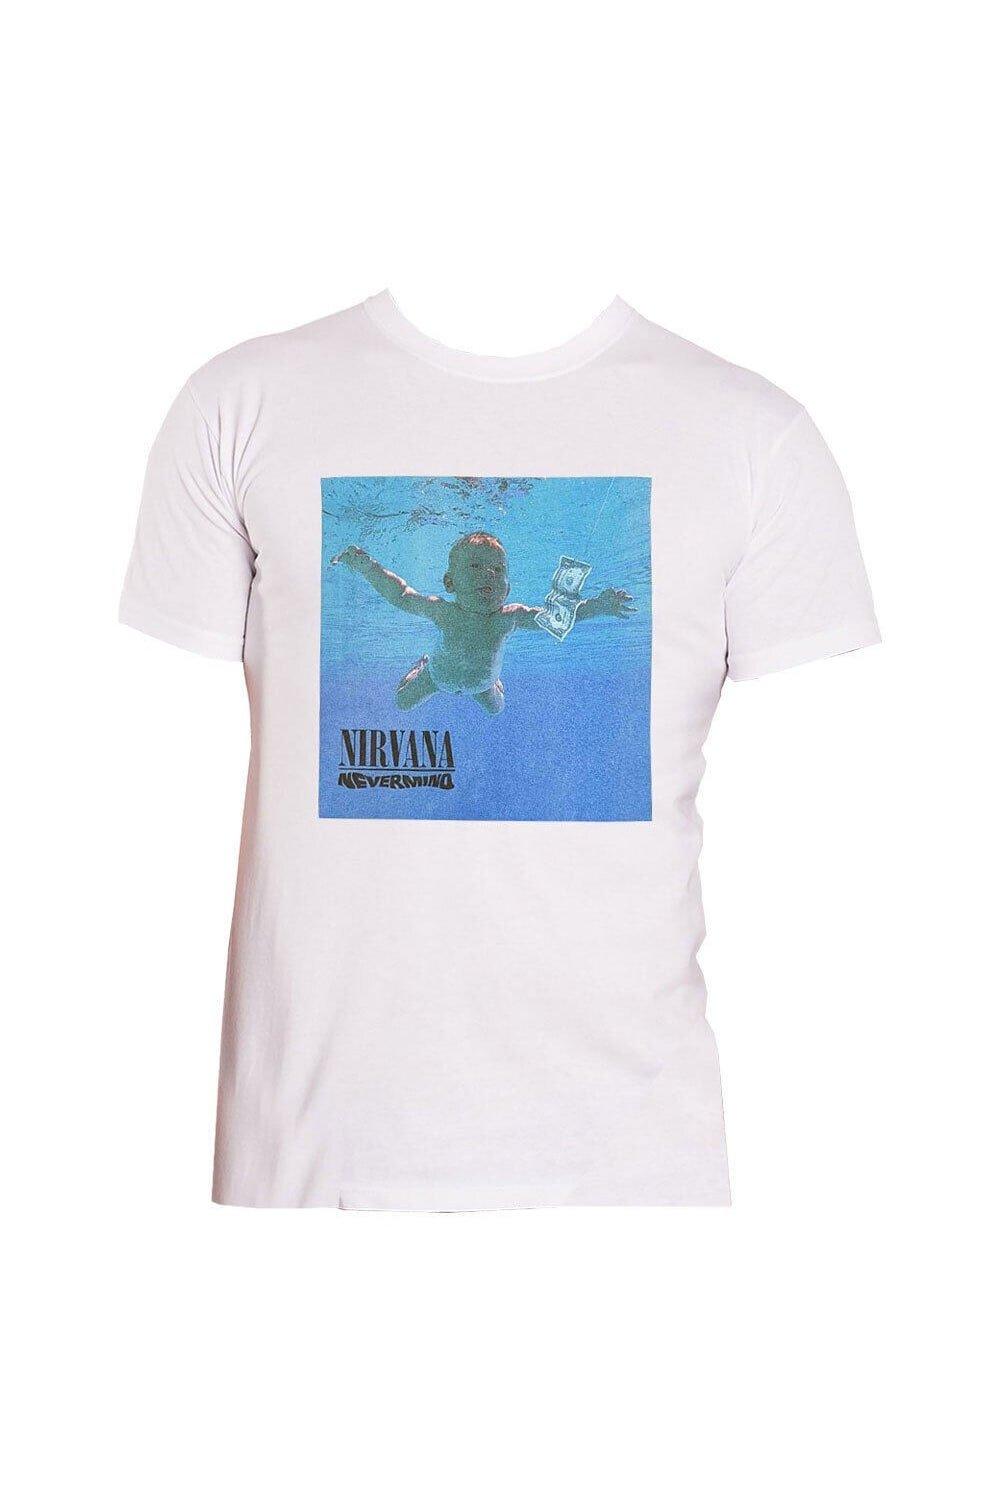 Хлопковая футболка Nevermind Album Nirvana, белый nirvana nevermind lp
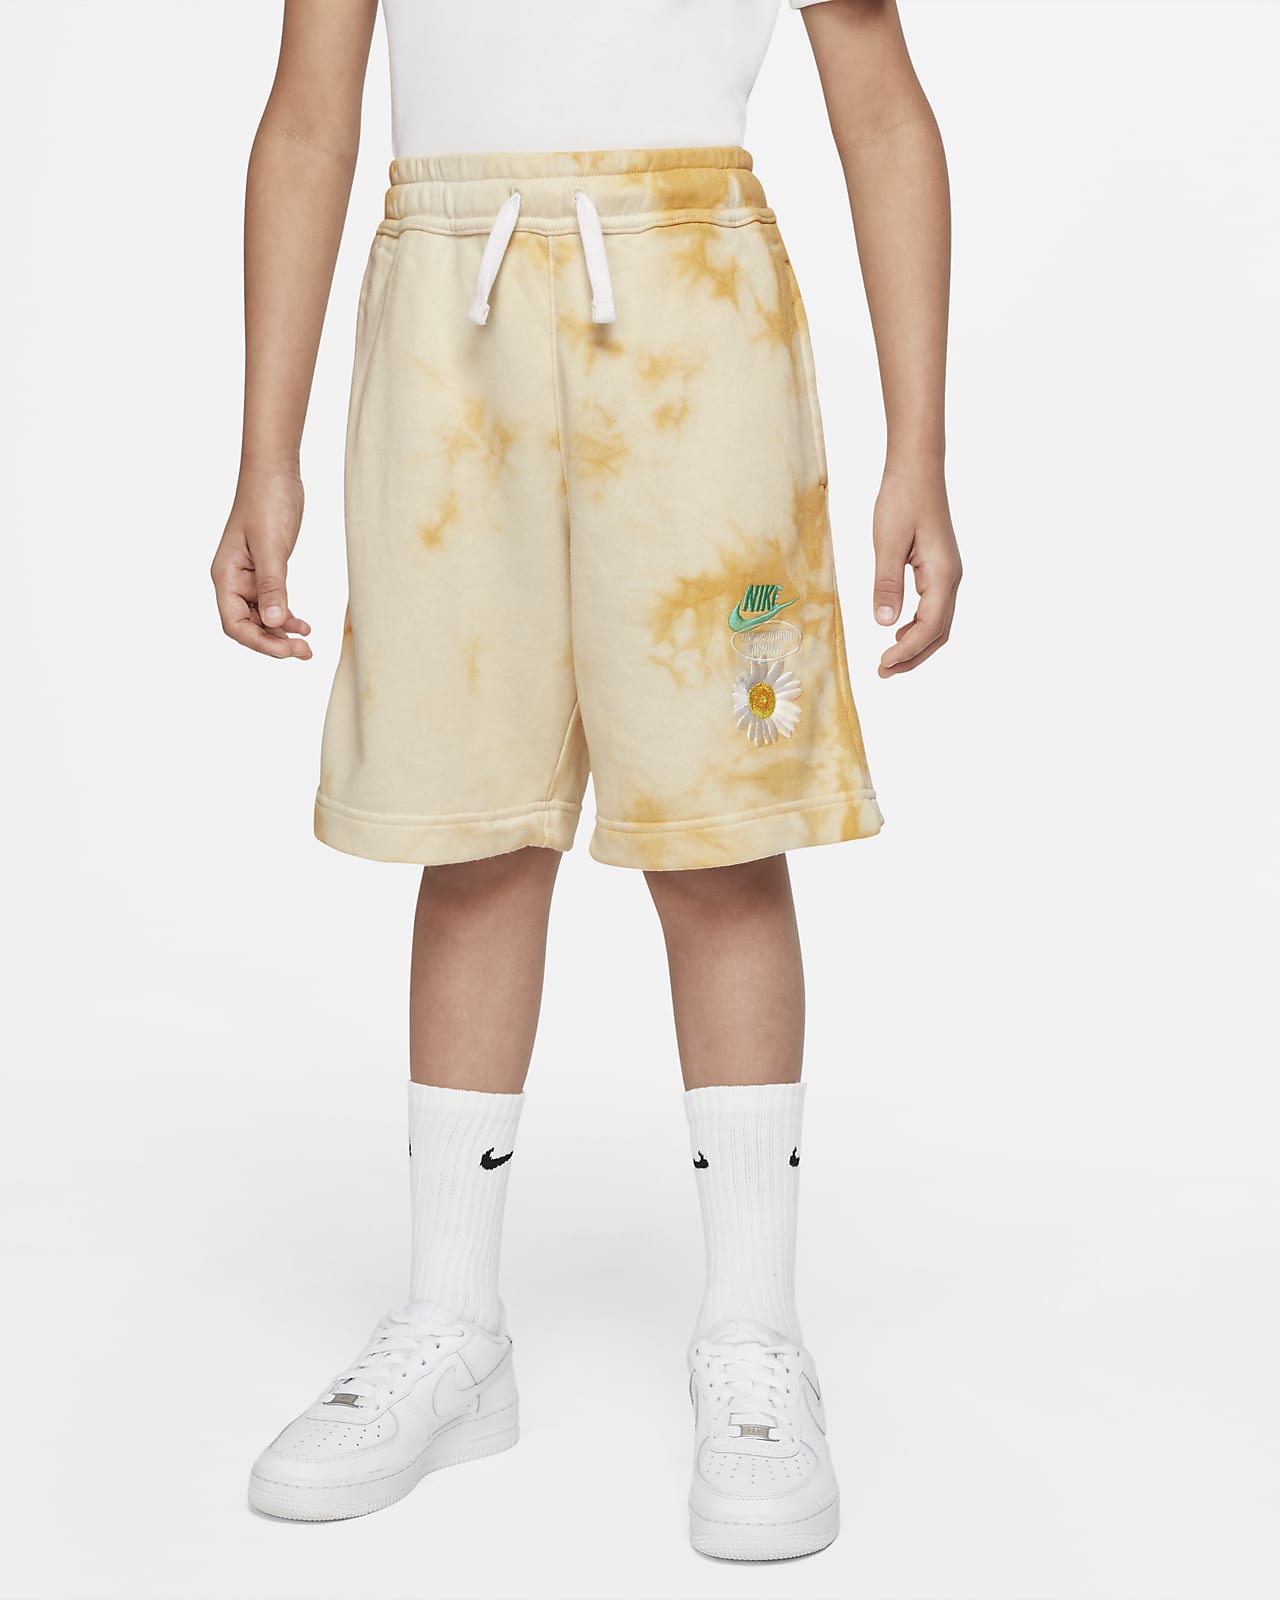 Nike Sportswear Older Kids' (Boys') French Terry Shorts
————————
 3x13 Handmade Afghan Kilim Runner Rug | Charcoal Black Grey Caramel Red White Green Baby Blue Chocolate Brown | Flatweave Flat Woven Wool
————————
(Task)
Now transcribe the lines above exactly, starting at the line containing "Хлопковая футболка Nevermind" and ending at the line containing "Nike Sportswear Older", both lines included, pictures excluded.

(Answer section)
 Хлопковая футболка Nevermind Album Nirvana, белый nirvana nevermind lp
 Nike Sportswear Older Kids' (Boys') French Terry Shorts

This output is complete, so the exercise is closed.